We're going to build a QA bot for your documentation using LanceDB's LangChain integration and use Modal for deployment.

Modal is an end-to-end compute platform for model inference, batch jobs, task queues, web apps and more. It's a great way to deploy your LanceDB models and apps.

To get started, ensure that you have created an account and logged into Modal. To follow along, the full source code is available on Github here.

Setting up Modal

We'll start by specifying our dependencies and creating a new Modal Stub:

lancedb_image = Image.debian_slim().pip_install(
    "lancedb",
    "langchain",
    "openai",
    "pandas",
    "tiktoken",
    "unstructured",
    "tabulate"
)

stub = Stub(
    name="example-langchain-lancedb",
    image=lancedb_image,
    secrets=[Secret.from_name("my-openai-secret")],
)

We're using Modal's Secrets injection to secure our OpenAI key. To set your own, you can access the Modal UI and enter your key.
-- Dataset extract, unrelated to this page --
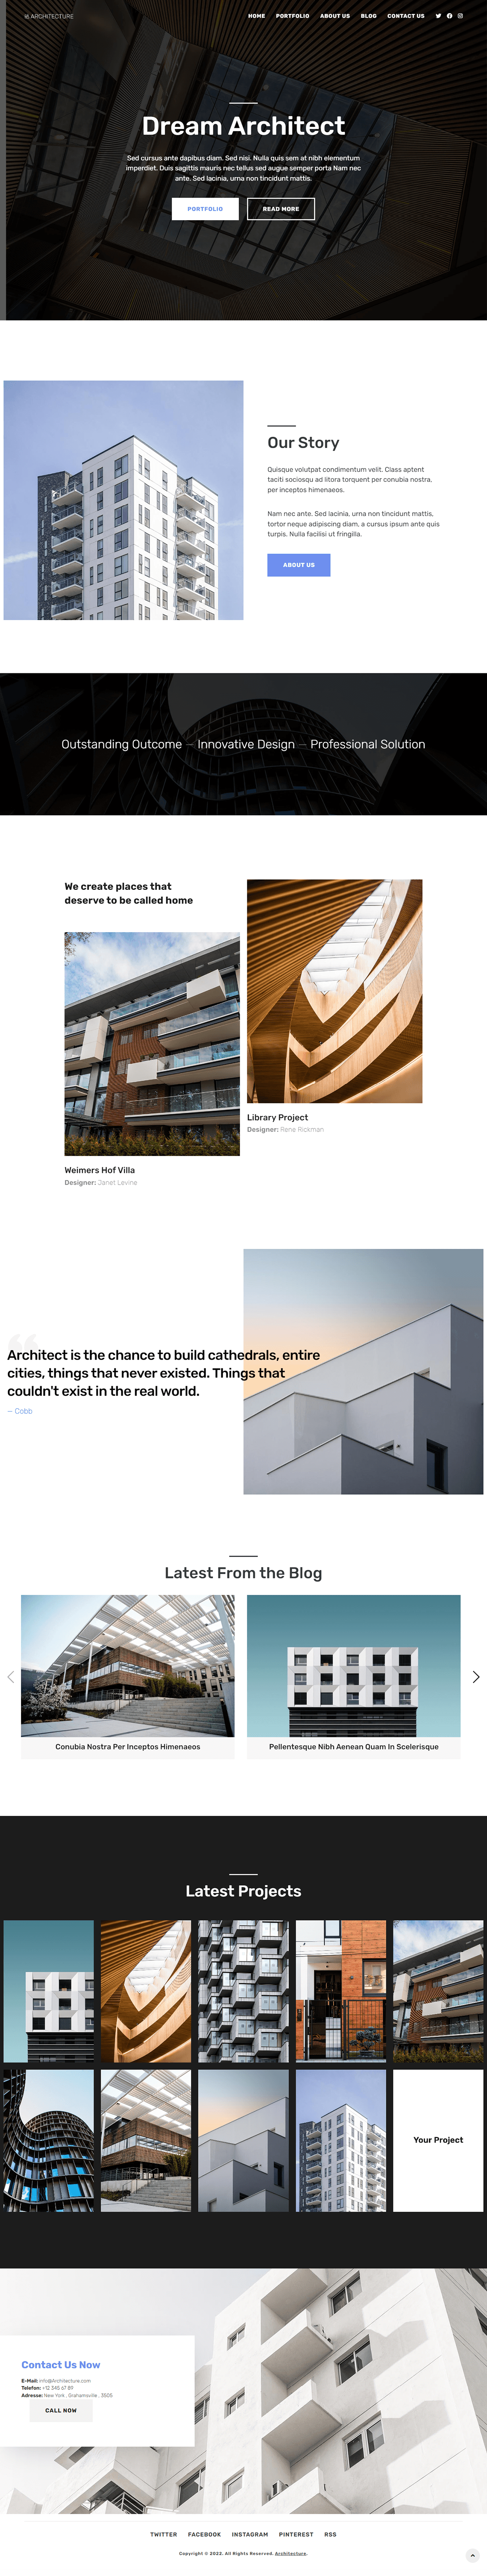 Architecture Website

Setting up caches for LanceDB and LangChain

Next, we can setup some globals to cache our LanceDB database, as well as our LangChain docsource:

docsearch = None
docs_path = Path("docs.pkl")
db_path = Path("lancedb")

Downloading our dataset

We're going use a pregenerated dataset, which stores HTML files of the Pandas 2.0 documentation. You could switch this out for your own dataset.

def download_docs():
    pandas_docs = requests.get("https://eto-public.s3.us-west-2.amazonaws.com/datasets/pandas_docs/pandas.documentation.zip")
    with open(Path("pandas.documentation.zip"), "wb") as f:
        f.write(pandas_docs.content)

    file = zipfile.ZipFile(Path("pandas.documentation.zip"))
    file.extractall(path=Path("pandas_docs"))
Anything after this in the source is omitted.